With more than 1,600 in attendance at the Boston Enterprise 2.0 conference, execs heard from the top intellects driving Enterprise 2.0 and Social Business strategy yesterday. Here's a look at four of the industry’s thought leaders and their messages from Boston.

Frame Metrics in a Way that’s Relevant

In rapid-fire style, John Hagel III kicked off a 15-minute keynote address that boasted the importance of measurable metrics in social software. Hagel, the co-author of The Power of Pull and co-chairman at the Center for the Edge for Deloitte & Touche, talked about performance, passion and creating new connections.

So, does social software really matter, Hagel queried? “The way it’s framed,” he says, "defines the magnitude of the impact and the pace of the adoption of which social software is received in the enterprise.”

The metrics that matter depend on the users’ role within the enterprise. The enterprise’s goal should be to find a way to frame the metrics in way that matters at each level of the organization, which will, in turn, determine where to deploy the social software.

Hagel also discussed the notion of how to deploy, indicating the ones that are the most successful follow a common pathway. He suggests beginning with a specific problem or barrier in the workplace that is relevant to the job that needs improvement. Once the solutions formulate, build forward based on those reputations and draw people toward the problem solver. Relationships start to form in a significant way and people come together around a more sustained collaboration, which provide workspaces and platforms that work for their constituent group.

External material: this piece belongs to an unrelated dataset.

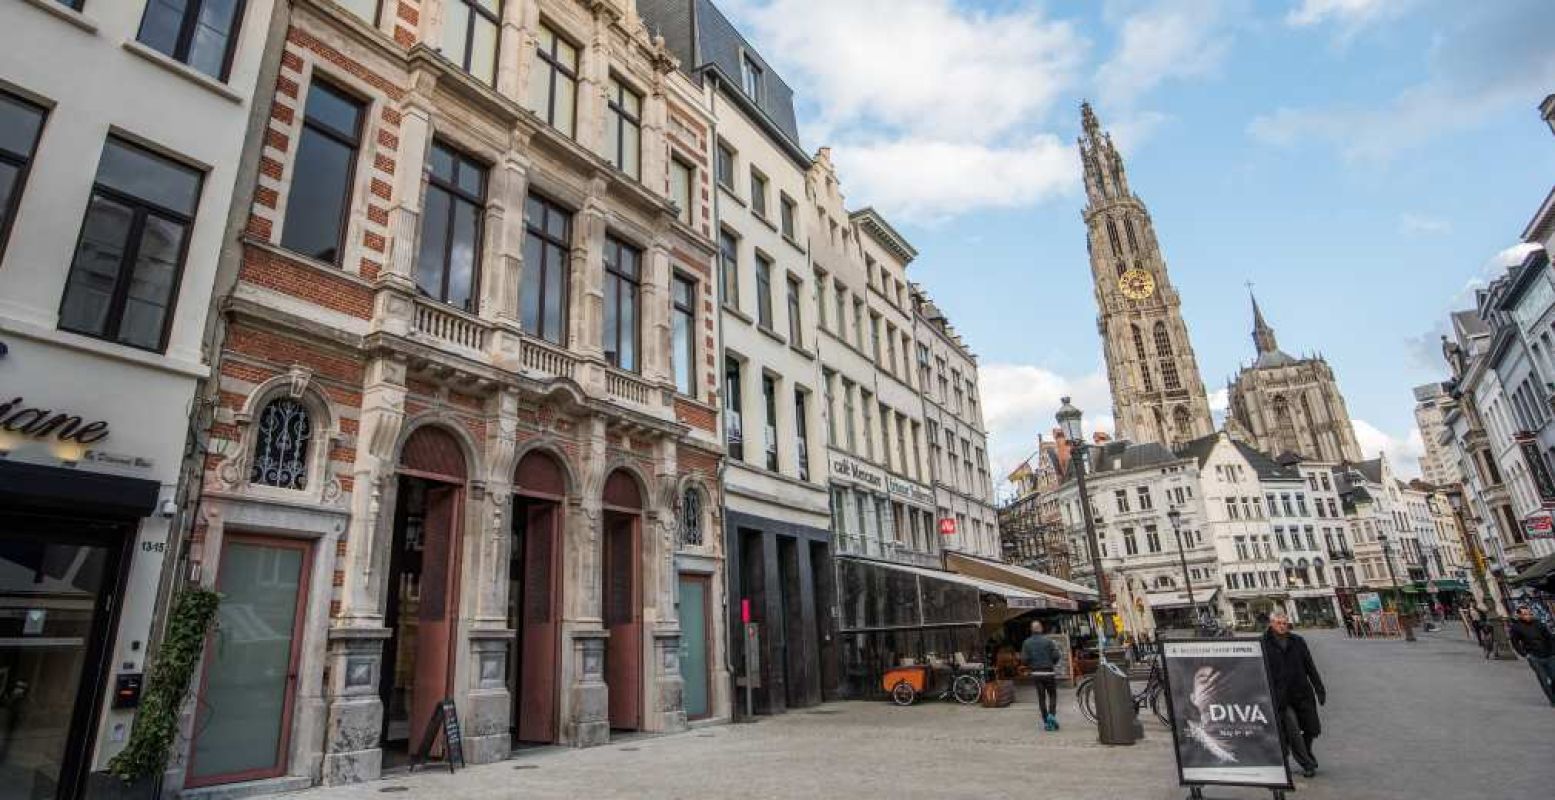 Het vernieuwde DIVA aan de Suikerrui in Antwerpen. Foto: DIVA

However, the race to stay ahead will soon fail if the proper steps aren’t taken. Executives are feeling as if they’re sprinting to keep up with the pace. He says, however, that executives are more likely falling behind, which is why catalyzing a passion within employees is necessary to gain a performance improvement at a sustainable rate.

Examine Social Insights

Mike Rhodin, Senior Vice President for IBM Software Solutions Group, discussed the notion of collecting insight from the collected data. So why does social software matter to the enterprise right now? Rhodin says it’s because social networks should be a means to build brand advocacy. 

Rhodin compared the social media craze to the initial Internet boom. He encourages the enterprise to be proactive rather than reactive. “Now we are starting to think about how social businesses are going to evolve by infusing intelligence by the way people interact in the companies,” said Rhodin. “The enterprise should start to detect the will of the crowds and find intelligence to make better decision-making. Use social networks to build social advocacy in a way that is more of a conversation, more than a lecture, and they will become the people that do your advertising for you.”

Although several challenges are emerging, the problems don’t outweigh the opportunities, he believes. The knowledge within the business is cultivated from an everlasting medium that hosts an employee’s ideas through social software, even if the employee walks away.